** REQUIREMENT **
From the line that contains "Simply Styled Women's" through the last line of the data, copy everything exactly and nothing else, omitting the pictures.

** INFORMATION PROVIDED **

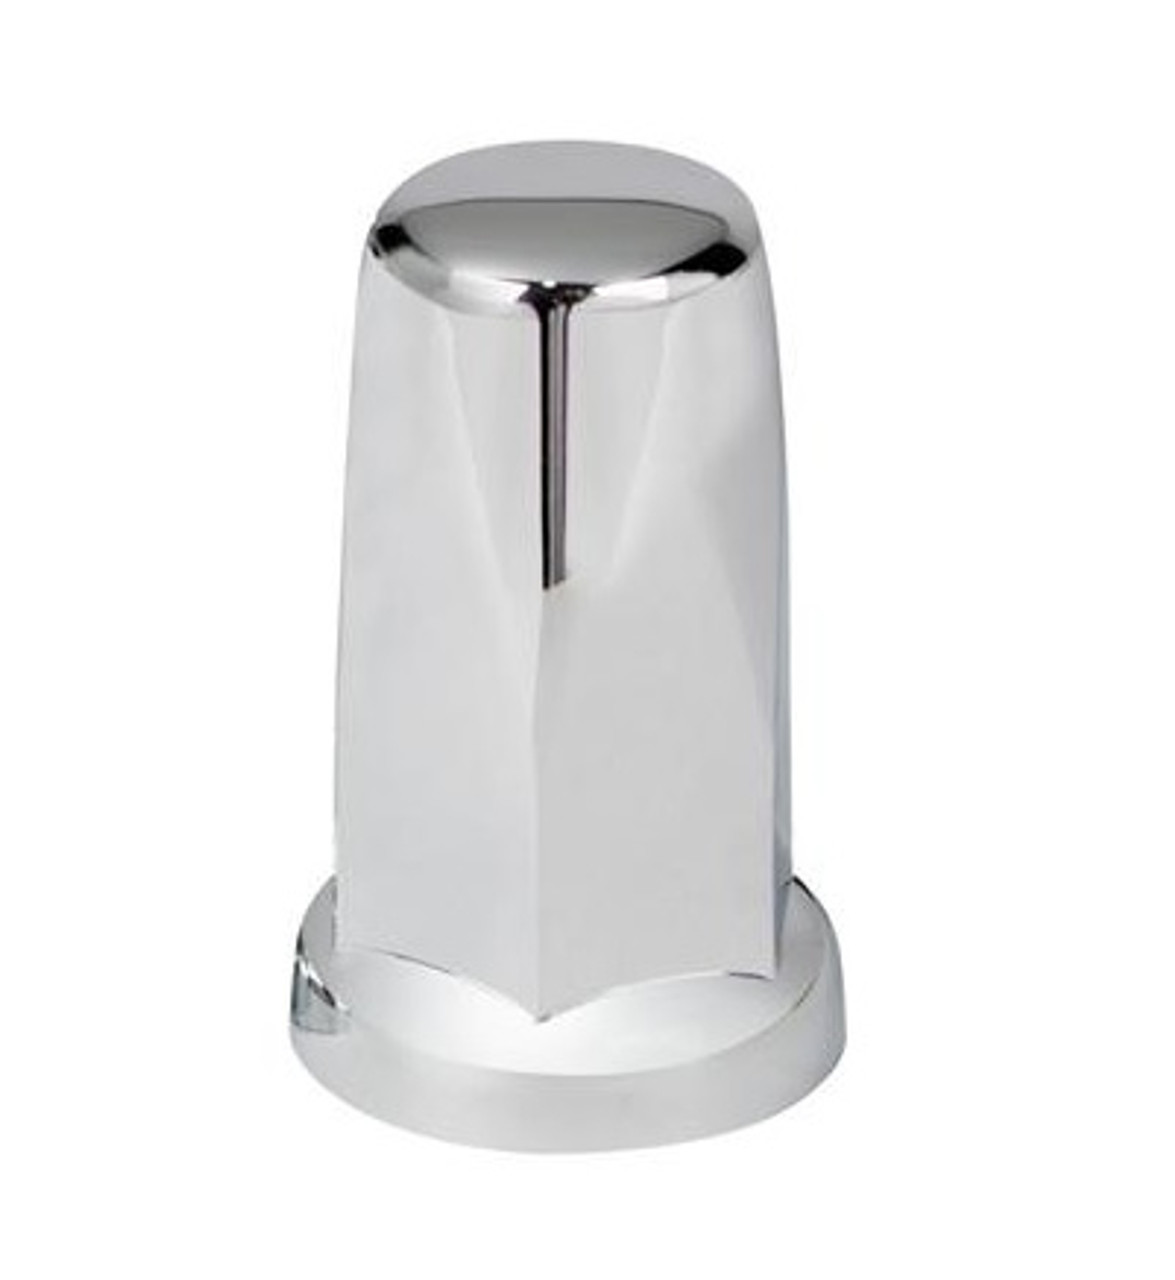 33mm X 3-1/4" Chrome Plastic Tall Nut Cover With Flange - Push-On
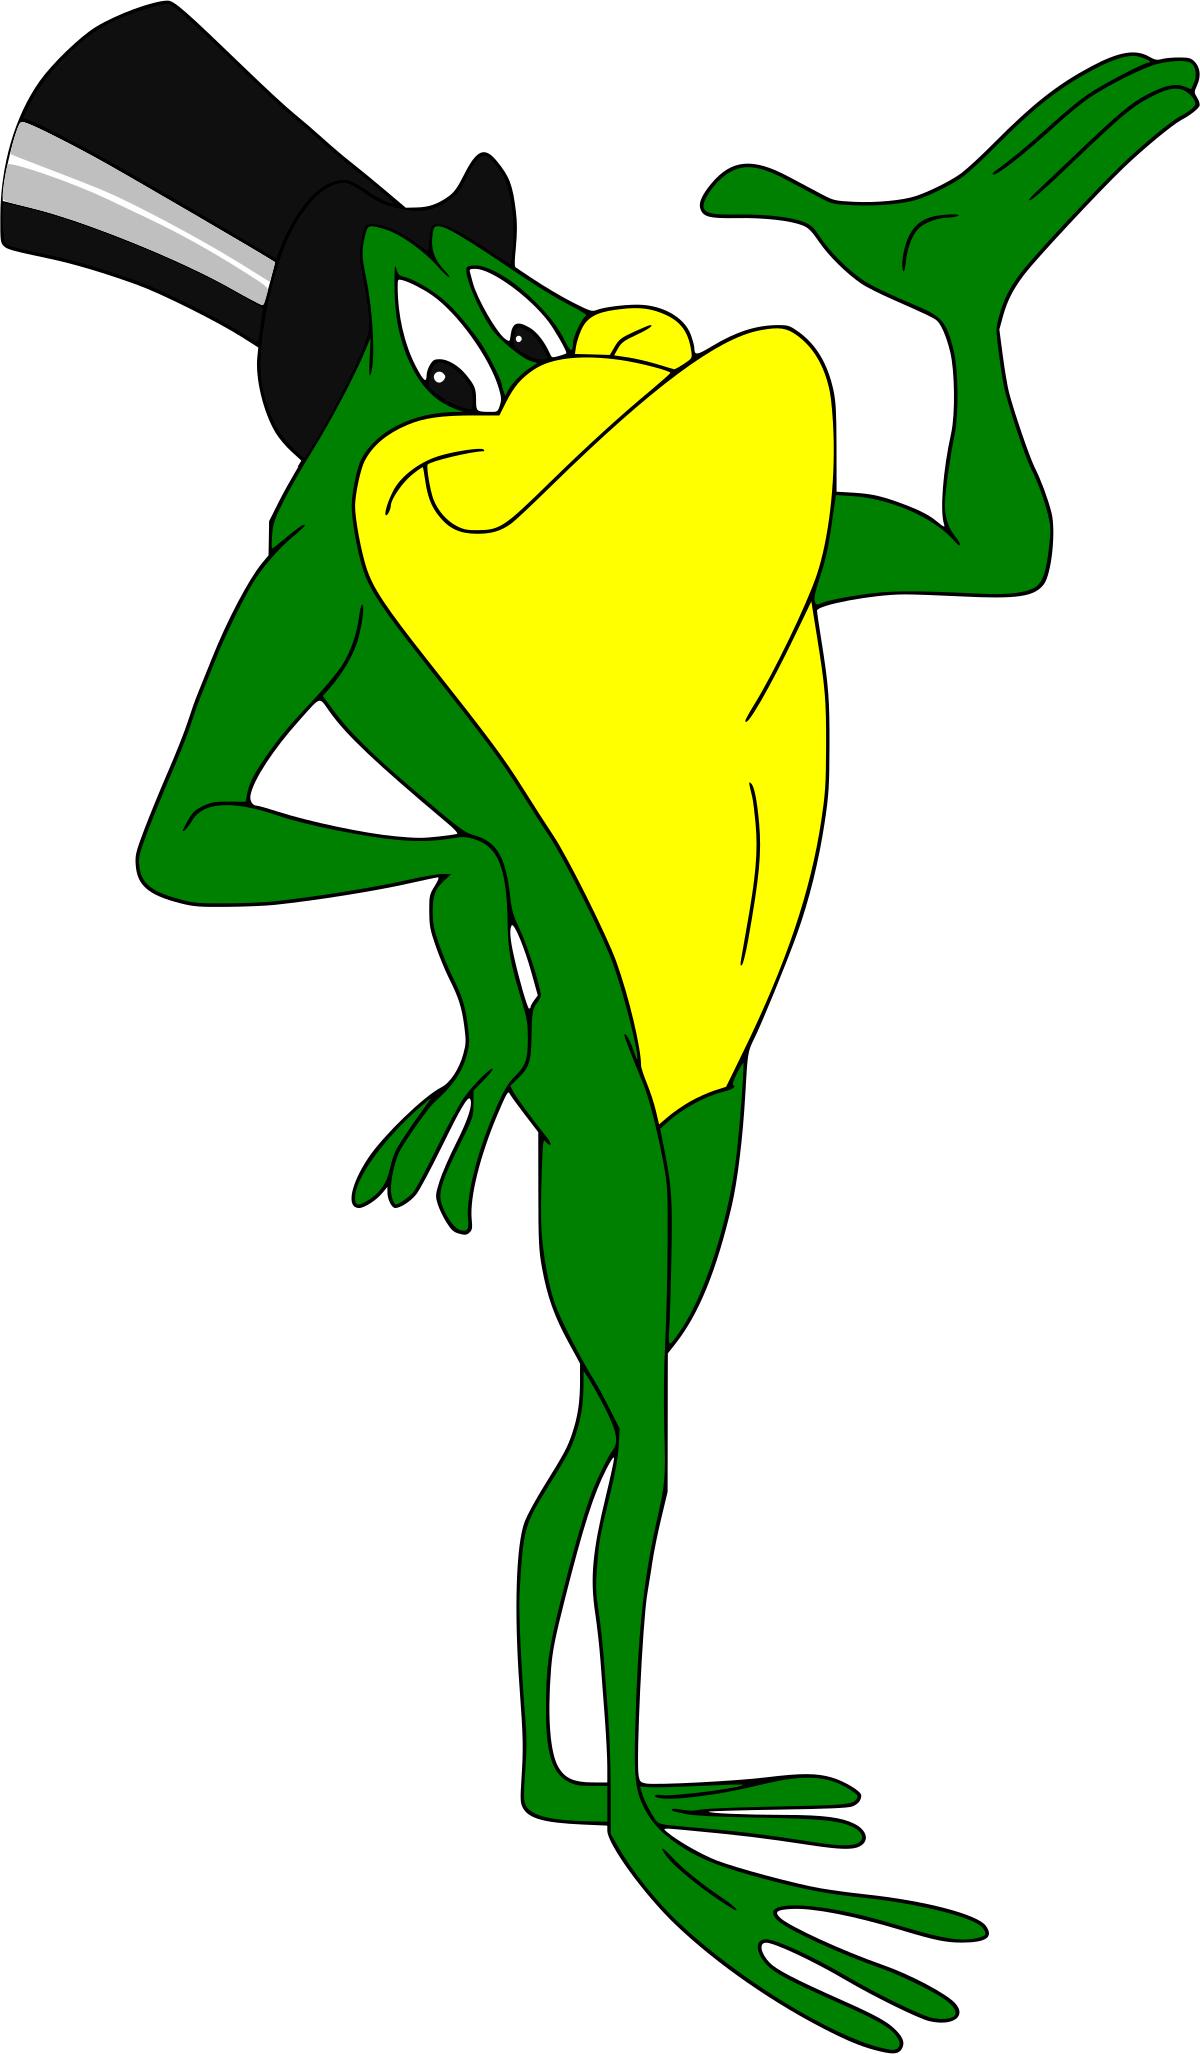 frogs-clipart-body-picture-1170953-frogs-clipart-body
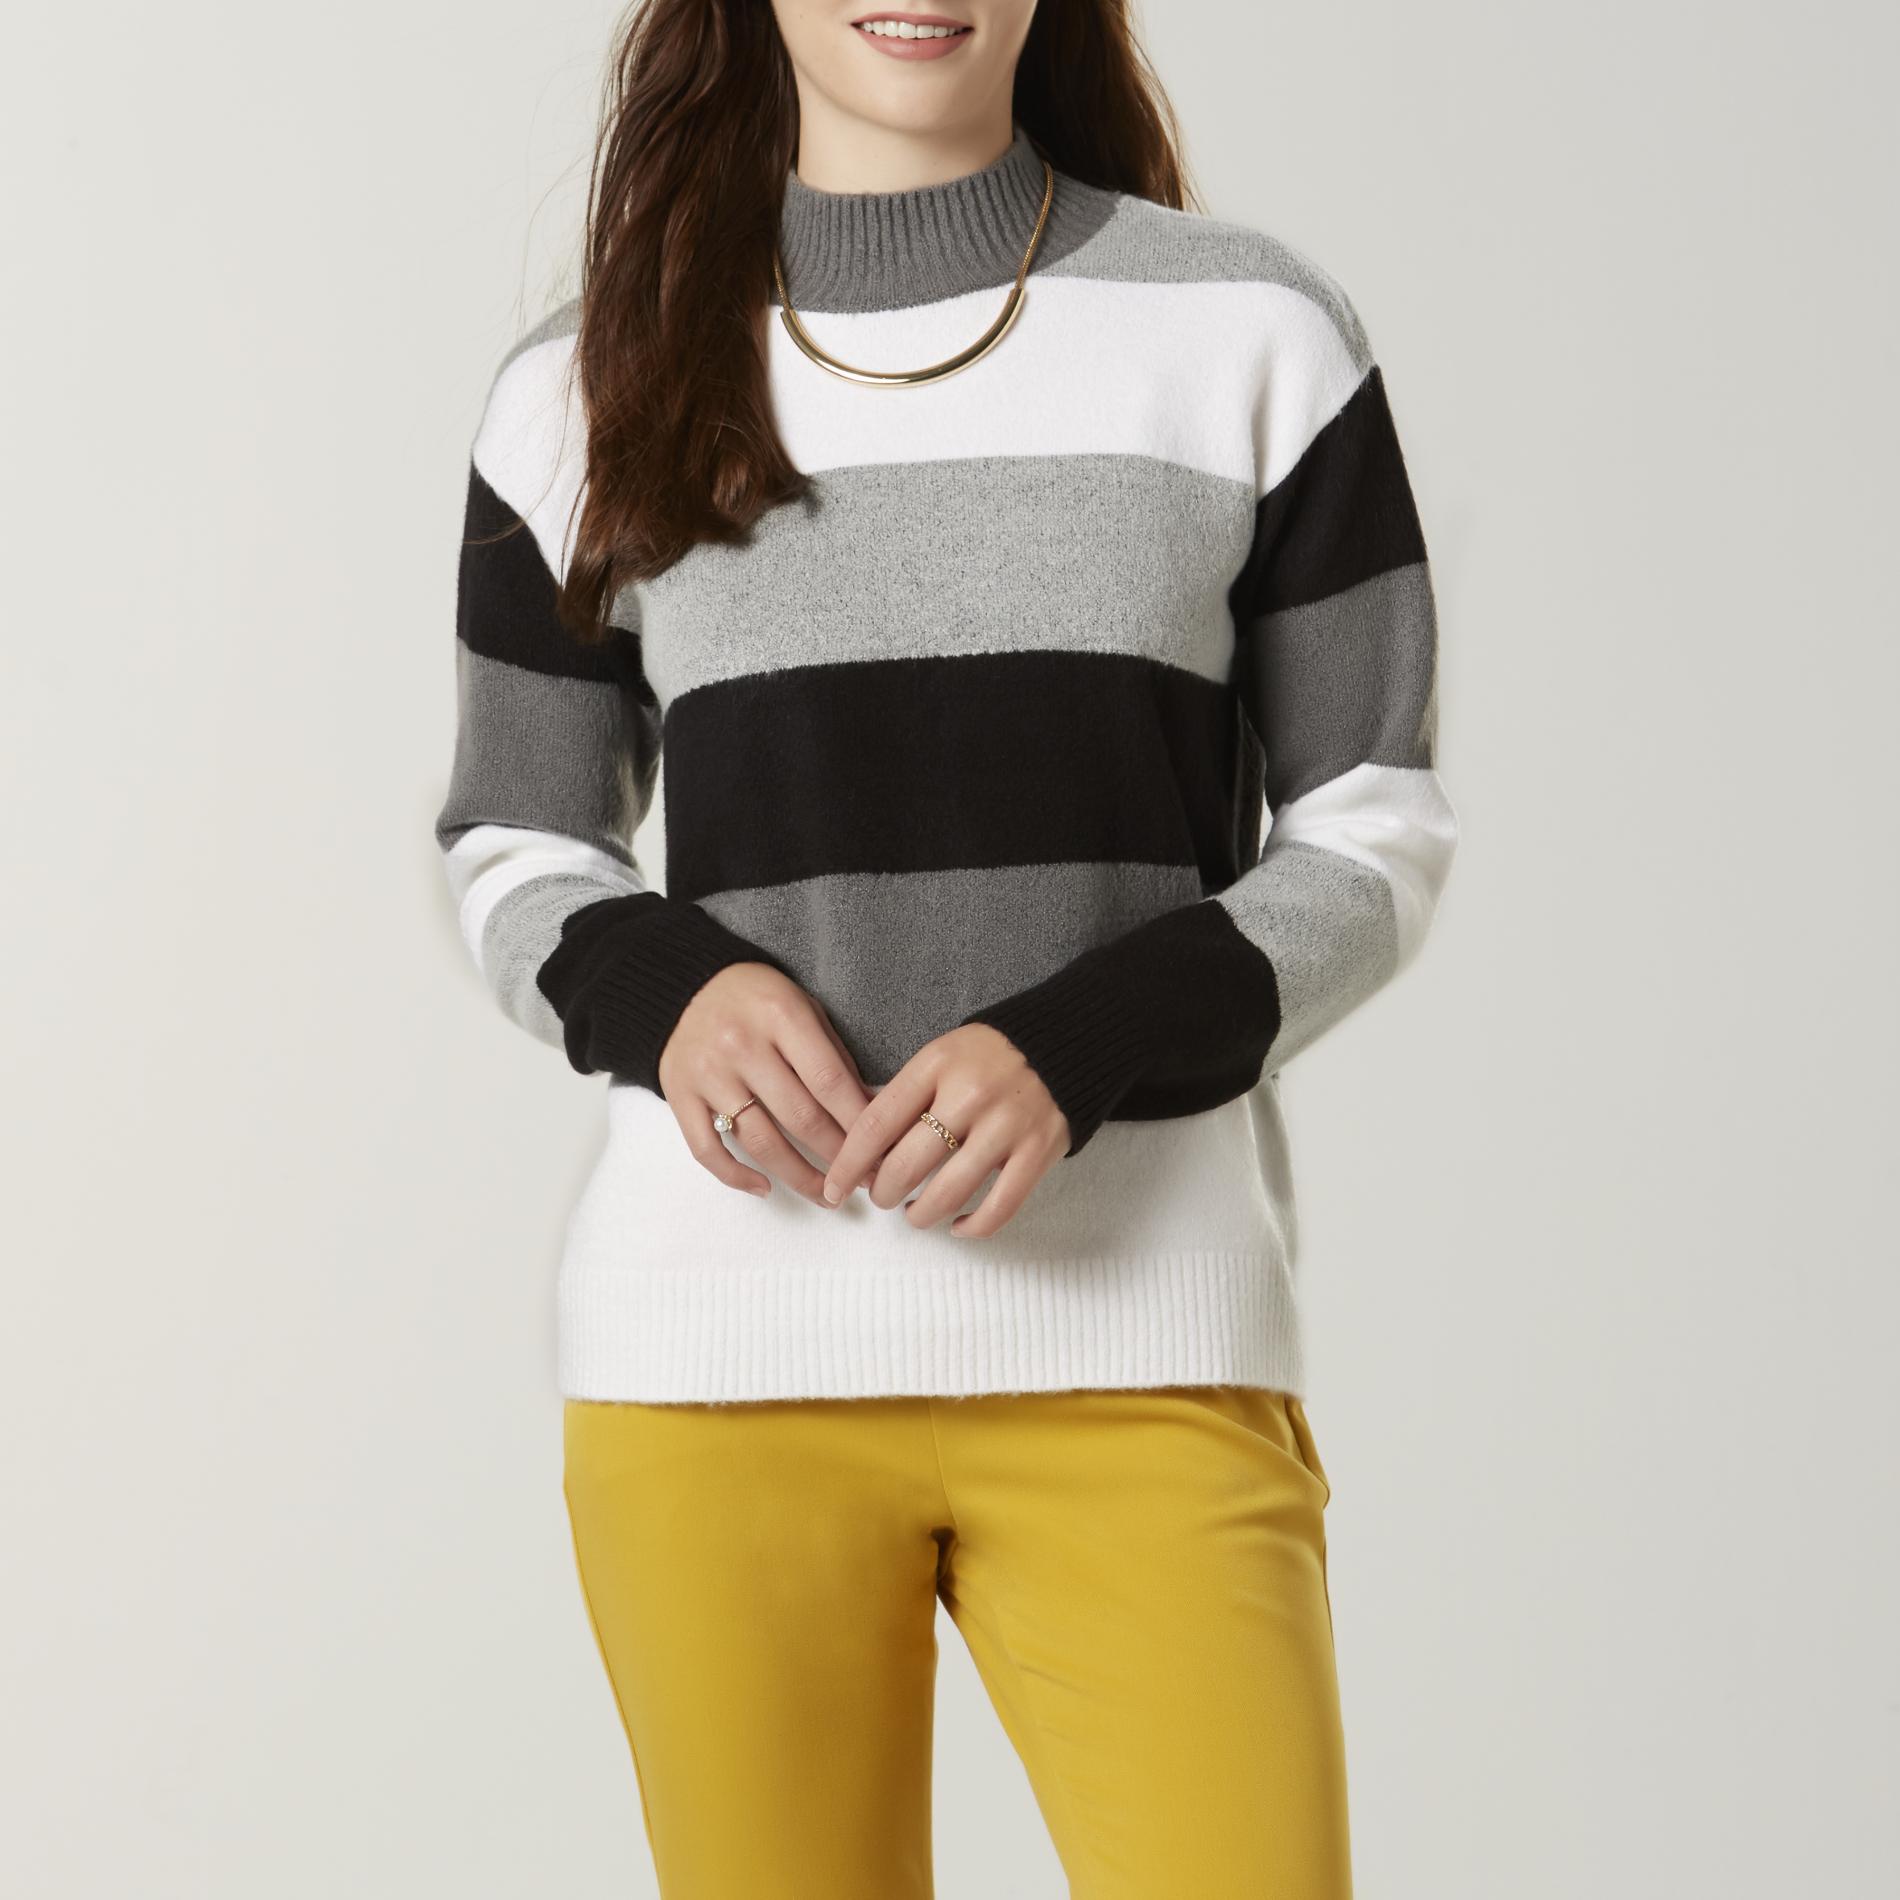 Simply Styled Women's Mock Neck Sweater - Striped
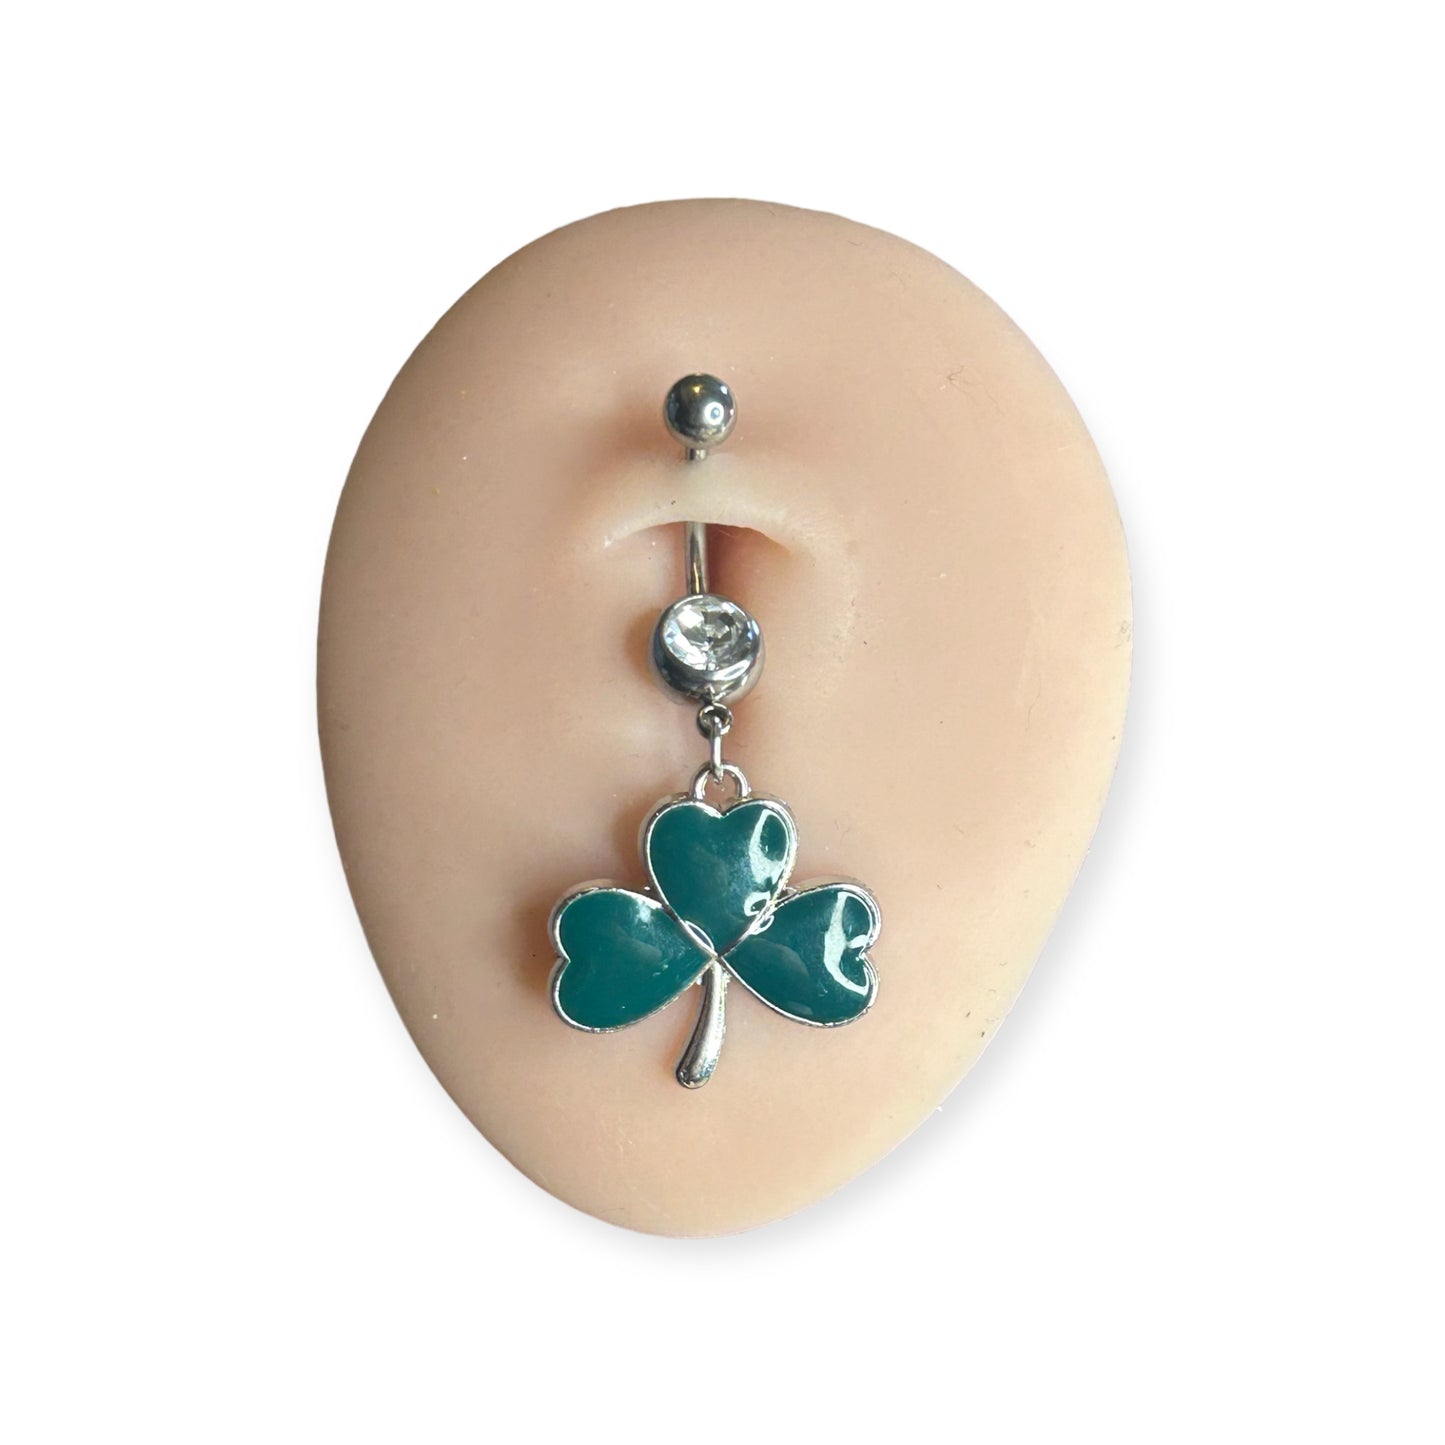 Clover belly ring

** ANSWER TO THIS PROBLEM **
 Simply Styled Women's Mock Neck Sweater - Striped
 Clover belly ring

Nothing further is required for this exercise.